While not a massive undertaking, I'm eager to share my experience leveraging Rust for this production component.

The Project

Our main software platform integrates health sensors that expose their status via HTTP APIs. The challenge is that most customers don't actively monitor these endpoints. From an engineering perspective, this represents a maturity gap in observability. From a customer success standpoint, it's an opportunity to provide support.

The objective is straightforward: develop a component that polls the state of these sensors and dispatches email notifications based on their status. Users can configure which sensors to poll, the severity level for alerts (e.g., warning and above), the recipient email, and other parameters.

Why Rust?

While I genuinely enjoy Rust, I also appreciate Kotlin and am keen to explore languages like Gleam. However, the decision to use Rust for this project was driven by objective reasons rooted in our specific context and desired solution design.

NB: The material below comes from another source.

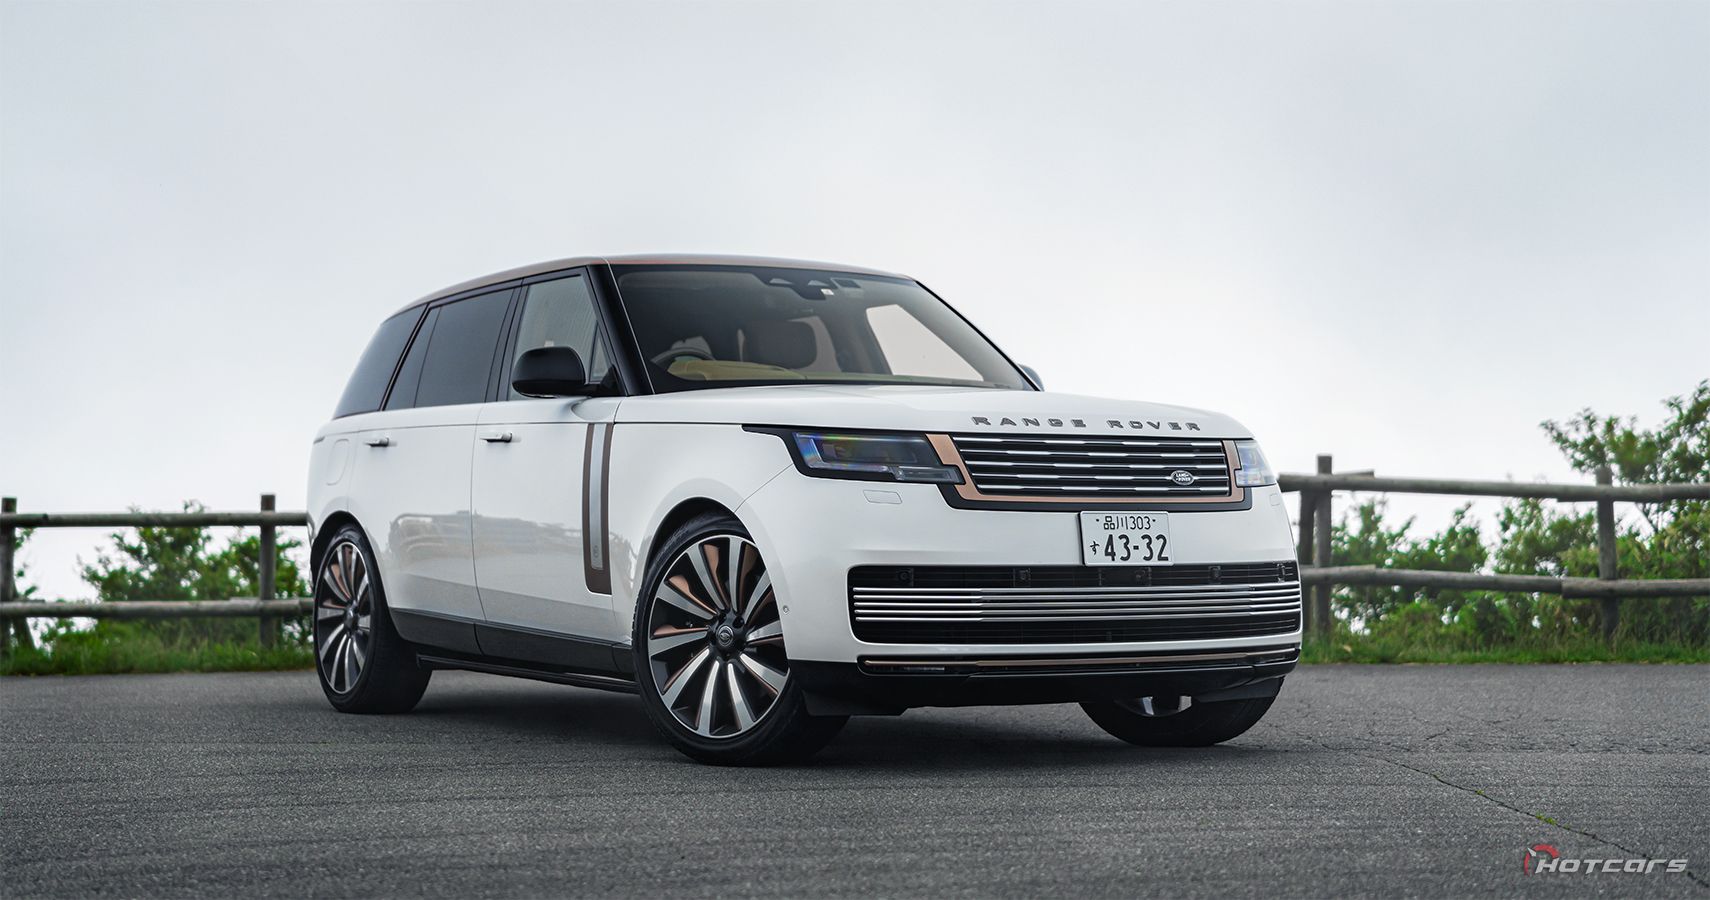 The New $345,000 Land Rover Range Rover SV Carmel Edition Is

My initial advocacy focused on designing the component outside the main platform. There's a common inclination to integrate everything within the existing ecosystem – a classic case of "when all you have is a hammer, everything looks like a nail." Yet, if the platform itself is experiencing issues or crashing, a tightly coupled reporting component would likely be unavailable precisely when it's most needed. Once this architectural decision was approved, the component's tech stack became independent of the platform's.

Next, I challenged another prevalent reflex. When tasked with scheduling in a JVM application, Quartz was always my go-to:

Quartz is a richly featured, open source job scheduling library that can be integrated within virtually any Java application - from the smallest stand-alone application to the largest e-commerce system. Quartz can be used to create simple or complex schedules for executing tens, hundreds, or even tens of thousands of jobs; jobs whose tasks are defined as standard Java components that may execute virtually anything you may program them to do. The Quartz Scheduler includes many enterprise-class features, such as support for JTA transactions and clustering.

— What is the Quartz Job Scheduling Library?

Quartz works reliably. However, it mandates that the application remains continuously running, as in a typical web application. What if the application crashes? How does it restart? These are questions Quartz doesn't inherently address.

Over time, my approach evolved. I now prefer to design applications that run to completion and delegate scheduling to the operating system, for example, cron. This aligns with the single responsibility principle: both the application and cron perform their distinct jobs independently. This design results in a smaller application and a more resilient overall solution.

While the JVM excels in long-lived applications, optimizing performance over time, it's less ideal for short-lived, run-to-completion processes. It consumes significant memory, and the application often finishes executing before the bytecode can be fully compiled to native code.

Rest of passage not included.